Openet Releases White Paper on New Audience Measurement Solutions

February 9, 2010 - Openet

DUBLIN, Ireland – Feb. 9, 2010:  Openet, the leading provider of Transactional Intelligence for the world’s largest and most innovative network service providers and cable operators, today released a white paper discussing how audience measurement solutions can track viewing habits across devices and boost annual operator media ad revenue by seven percent.  Entitled “Making TV Audience Measurement Count,” the paper is being presented to key cable technologists during the CableLabs® Winter Conference this week in Denver, Colo. 

“Counting TV viewers accurately is more important than ever these days.  At a time when TV viewership is becoming even more fragmented, advertisers are increasingly demanding that TV programmers and distributors account for each viewer actually reached,” said Mike Manzo, CMO of Openet.  “Moreover, advertisers are insisting on hyper-targeted advertising aimed directly at the viewers they most want to reach with ads that appeal to those specific viewers based on their viewing habits and demographics, just as the Internet has been allowing for years.”    

Existing TV Ratings Methods Aren’t Working

The criticisms of the current ratings system are many and varied. In general, critics charge that polling box, people meter and personal diary methodologies are all inherently flawed, leading to serious data inaccuracies and limitations. 

Beyond these issues, current TV ratings reports offer only the most rudimentary demographic information. While the reports do break down viewers by age, they provide little other demographic insight into who is viewing what.  In particular, no data exists for multi-attribute market segments, and traditional ratings methods are not yet set up to measure multi-screen video viewing.

“Even the current methods for measuring set-top box viewing have limitations of their own. Although set-top event tuning measurement techniques offer great promise for the future, the landscape is still evolving,” said Alan Breznick, senior industry analyst, Heavy Reading.  “For one thing, set-top box and video server measurements tend to be operator-specific or even system-specific, leading to inconsistent data formats.  So pooling set-top data from several systems that are run by the same cable operator can be a tremendously complicated task, and this grows more complex across systems managed by different operators.”   Breznick, authored the white paper, which Openet sponsored.

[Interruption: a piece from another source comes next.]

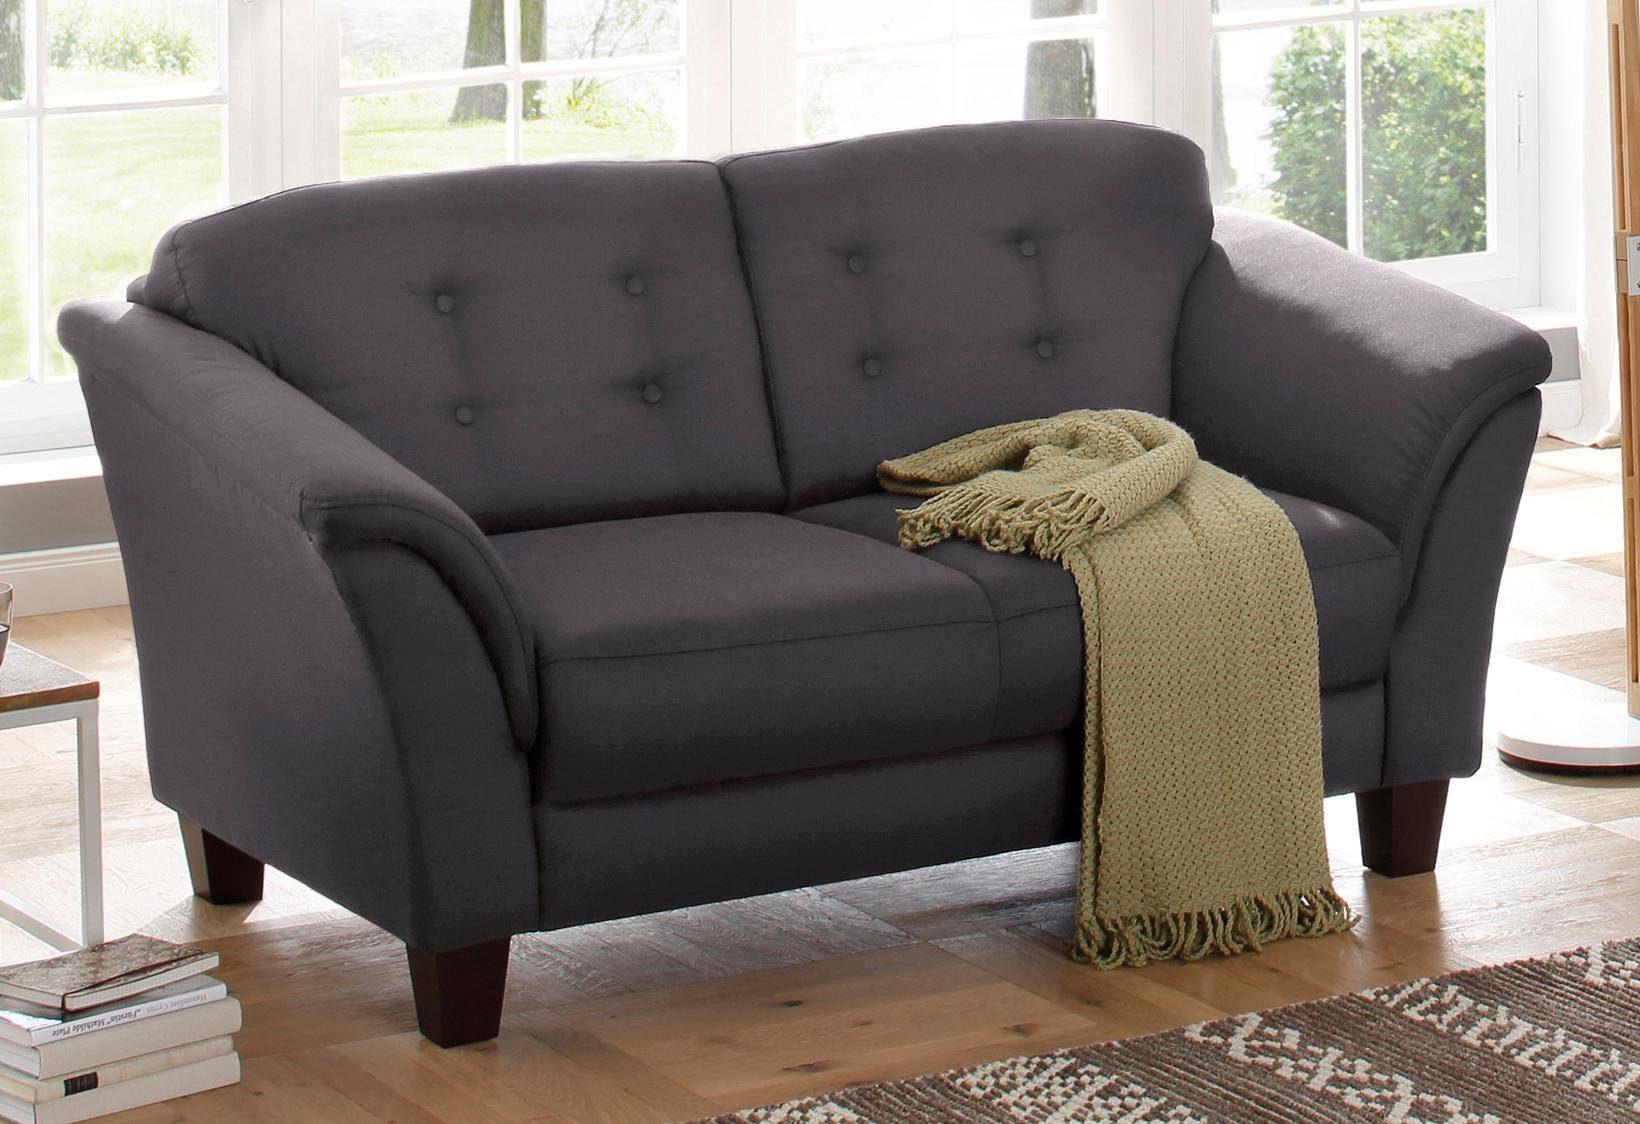 Home affaire 2-Sitzer »Lillesand«, mit Federkern, Knopfheftung im Rücken, Füße Buche

New Audience Measurement Technologies to Collect Complete Usage Data

Unlike conventional ratings reports, new audience measurement technologies enable network operators, programmers and advertisers to calculate and report real-time viewing metrics based on actual pay TV usage.  Instead of relying on small panels or samples of TV viewers, the new methods allow operators to collect and aggregate comprehensive usage viewing data from all viewers by leveraging digital set-top boxes in new and improved ways.

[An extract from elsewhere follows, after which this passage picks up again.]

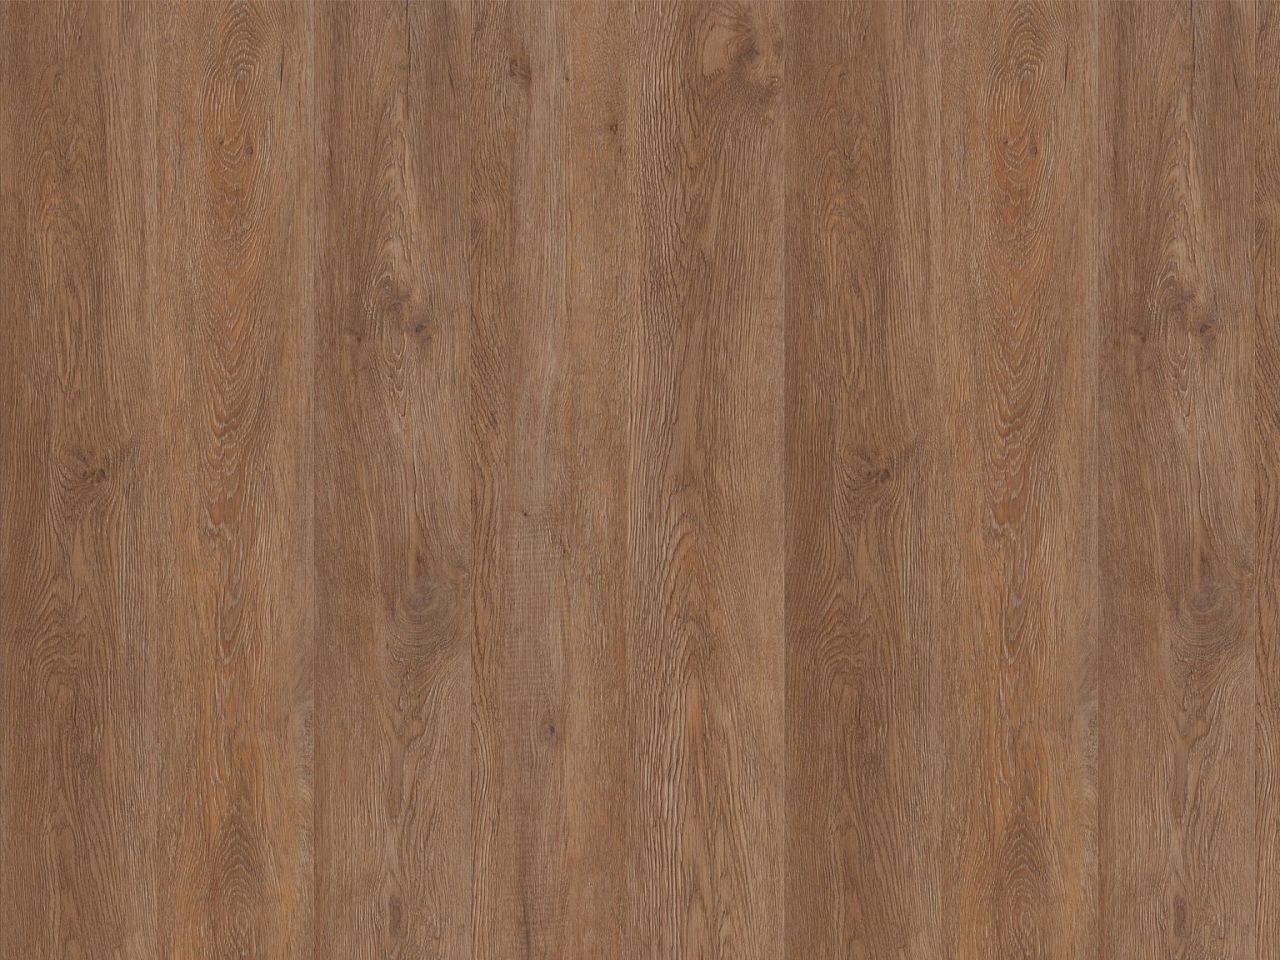 Designbelag Alesso wood – Eiche Lüttich, 324002

Specifically, these software technologies collect real-time, second-by-second click streams from three basic sources -- real-time viewing (linear broadcast and switched digital video, or SDV), on-demand viewing (VOD and DVRs) and interactive engagements (interactive TV programming, tru2way applications and Embedded TV Binary Interchange Format, or EBIF, features). For instance, an SDV manager can collect the linear broadcast and switched digital tuning data while an EBIF/application server gathers the critical set-top box data and a VOD server would collect all on-demand purchases.

With tools to collect real-time click stream data, network operators can send all the information to data warehouses for storage, reports and analytics. They can send transactional data, such as VOD purchases, to their billing systems for processing, as well as collect and store ad placement data from the ad servers in the data warehouses for reporting and analytics, providing key visibility into the viewership of specific ads.

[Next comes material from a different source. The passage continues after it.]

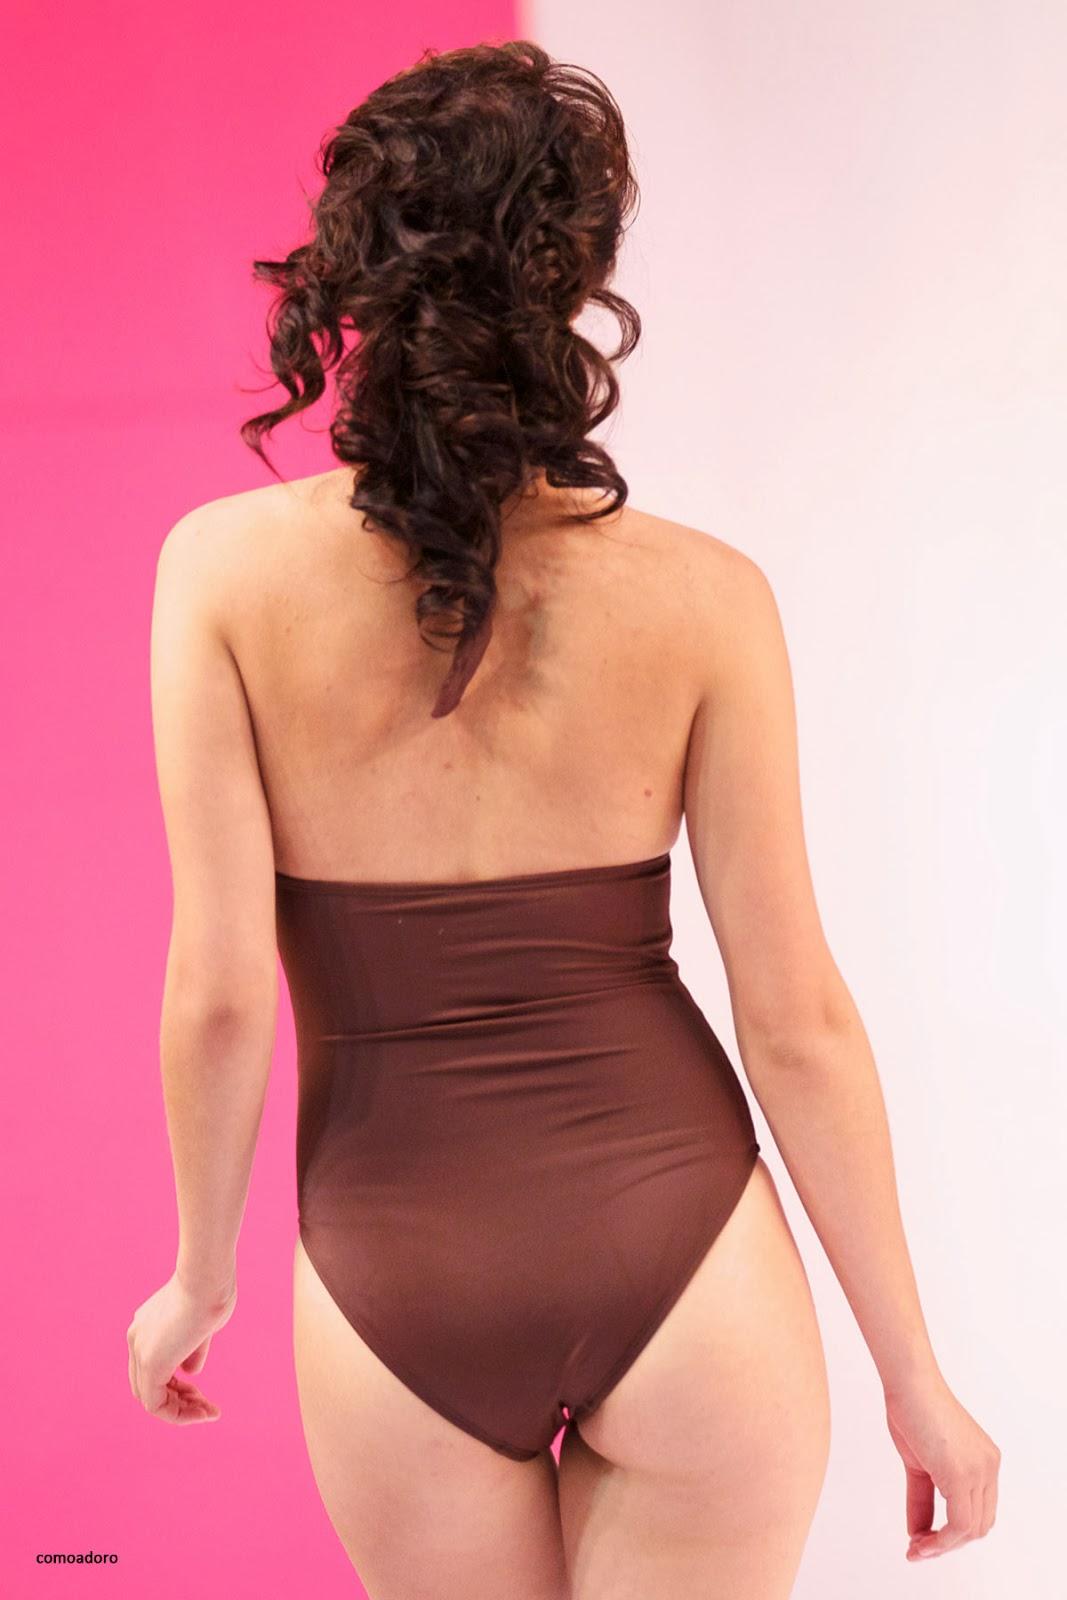 Calendario deportista fotos caseras de amigas desnudas 83

“Unlike traditional ratings reports, the new audience measurement techniques also track viewing well beyond the traditional TV environment,” said Kelly Anderson, director of MVO solutions for Openet.  “They can not only measure conventional, linear TV viewing, but also on-demand, streaming media, online and mobile video consumption These attributes make the new techniques a crucial element for the emerging three-screen video universe.”.

Payoffs to Operators from New Methods

The adoption of these measurement techniques will allow cable operators to boost their media sales revenue by as much as seven percent each year.

Additionally, operators can use the new audience tracking software tools to recover revenue currently lost to unbilled subscriptions, as well as to track actual viewing on three or more video screens, including TV, PC, mobile phones and other hand-held devices.

“Finally, with these new audience measurement tools, cable operators can work with Canoe Ventures to establish a new centralized viewership database for the entire U.S. cable industry. The establishment of such a centralized cable database would, in turn, likely spur video service providers from the phone and satellite TV industries to do the same,” Breznick concluded.